Coach Lynda: Emma, the best plans I have for you are the TIME CRUNCHED Category 1 Cross Country Mountain Bike Base Training Plan followed by the TIME CRUNCHED Category 1 Cross Country MTB Build, Peak and Race Plan. Add in your downhill skills practice days to have high power and high skills for the DH and be wicked fast.
Jill Hamilton: Hi Lynda, I am a 45 YO former DH racer who is currently returning back to MTB racing after several years. I’m racing sport class XC, Super D, and going to try some Enduro. My goal for 2015 is to be competitive in the Sport class XC and move up to Expert in 2016. I don’t have a training plan, but have been riding road or XC 3 to 4 days per week (often with riders faster than me) and just don’t feel like I’m gaining any ground. Maybe it’s age or a thyroid disorder (Hashimotos)…or maybe just the fact I don’t have a plan. Would you recommend your Base/Weight Loss plan to get started? BTW, Christina Probert Turner told me about your programs and highly recommends you!

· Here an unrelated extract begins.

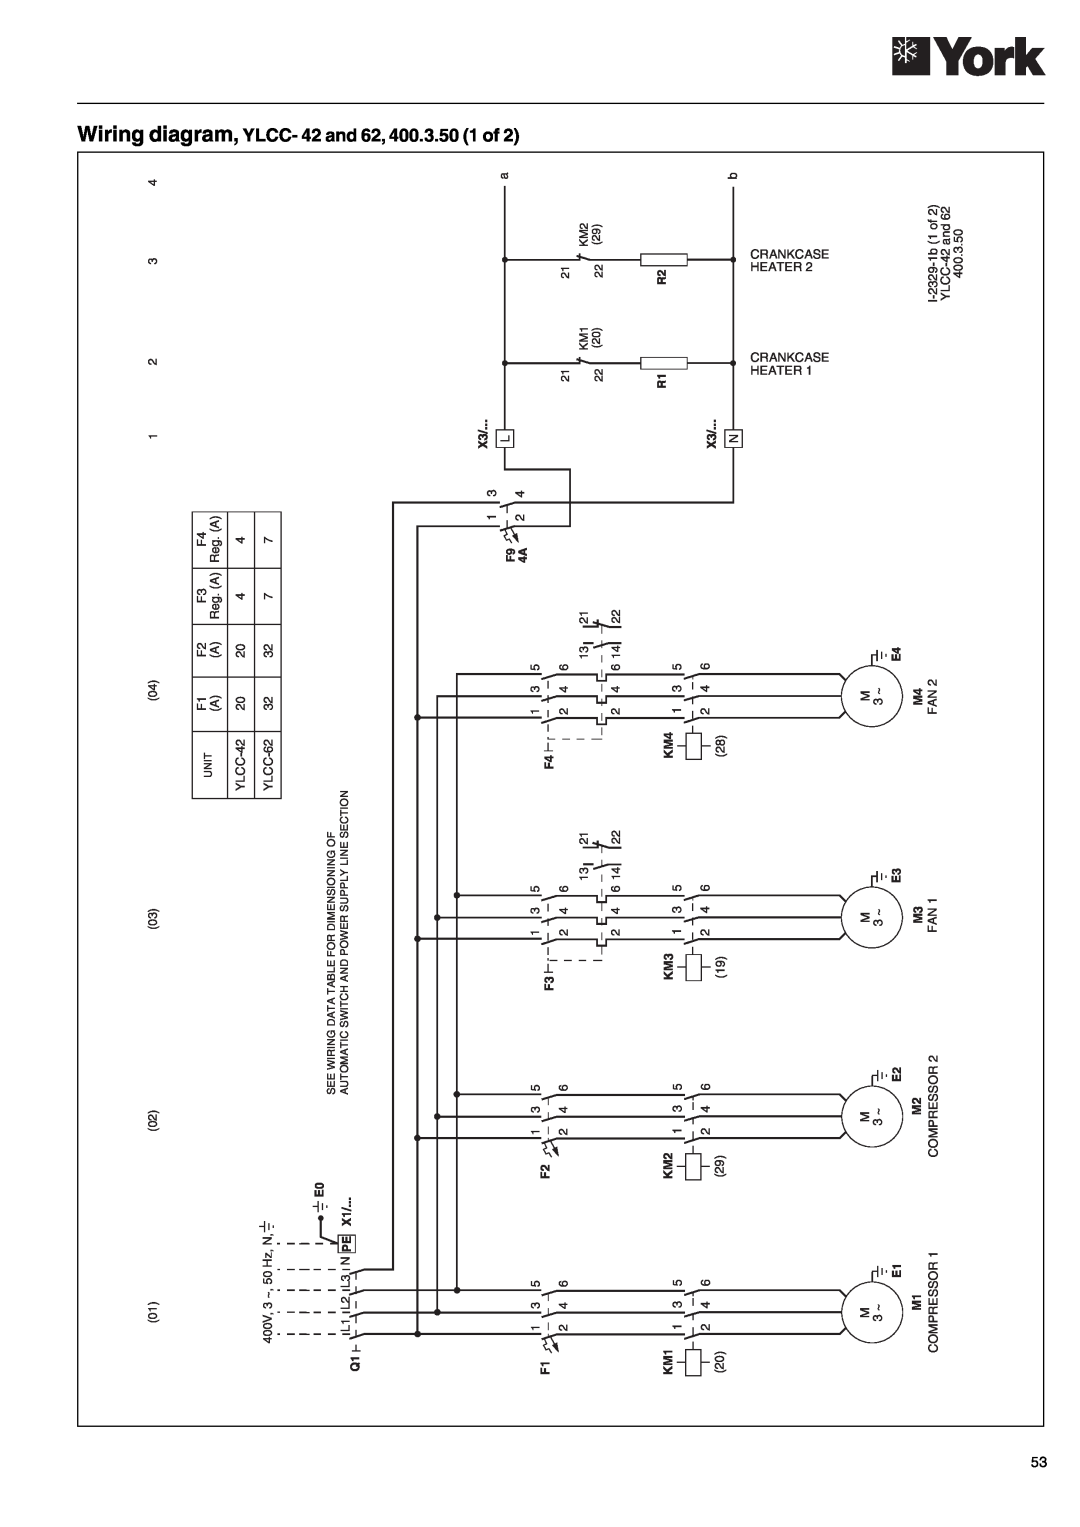 York YLCC-h Wiring diagram, YLCC- 42 and 62, 400.3.50 1 of, YLCC-42, YLCC-62, See Wiring Data Table For Dimensioning Of

Coach Lynda: Jill, how many lbs are you from your goal race weight? LW Coaching Jill, how many lbs are you from your goal race weight?
Jill Hamilton: I am 5’7″ and 142 lbs, so I am not super overweight. If I could lose 7 to 10 lbs, I’d be ecstatic, but weight loss really isn’t my primary goal. Increasing my fitness is really what I am after.

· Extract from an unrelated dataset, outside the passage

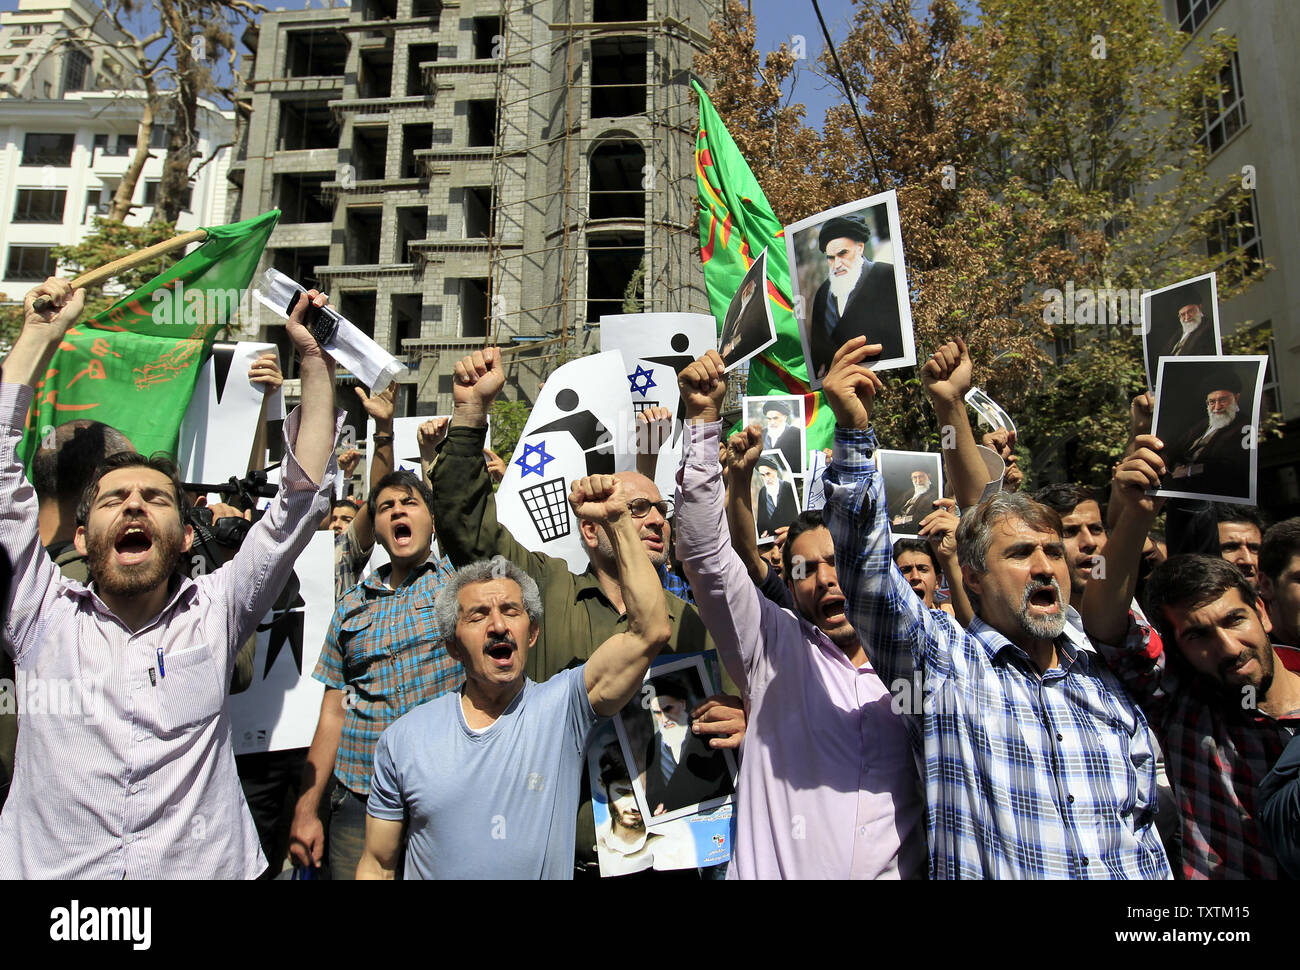 Iranian demonstrators chant anti-American slogans during a demonstration against the anti-Islam movie made in the US in front of the Swiss Embassy in Tehran, Iran on September 13, The Swiss Embassy

Coach Lynda: Jill, I recommend getting your thyroid levels ironed out as a priority as that will wreak havoc with fitness development (I have Hashis too). For training plans I recommend following my TIME CRUNCHED Cat 1 series of plans. My Enduro racers have been having a lot of success with these plans. Start with the 12 week TIME CRUNCHED Category 1 Cross Country Mountain Bike Base Training Plan and then progress on to the 12 week TIME CRUNCHED Category 1 Cross Country MTB Build, Peak and Race Plan. Clean up your diet and watch your portions and let the weight come off slowly. It doesn’t sound like the Weight Loss and Base training plan is the one you will benefit most from right now.
Wyll Oz: Lynda Wallenfels! Can U show here an intervals example in every power zone? Recovery, endurance, tempo, lactate threshold, above threshold etc.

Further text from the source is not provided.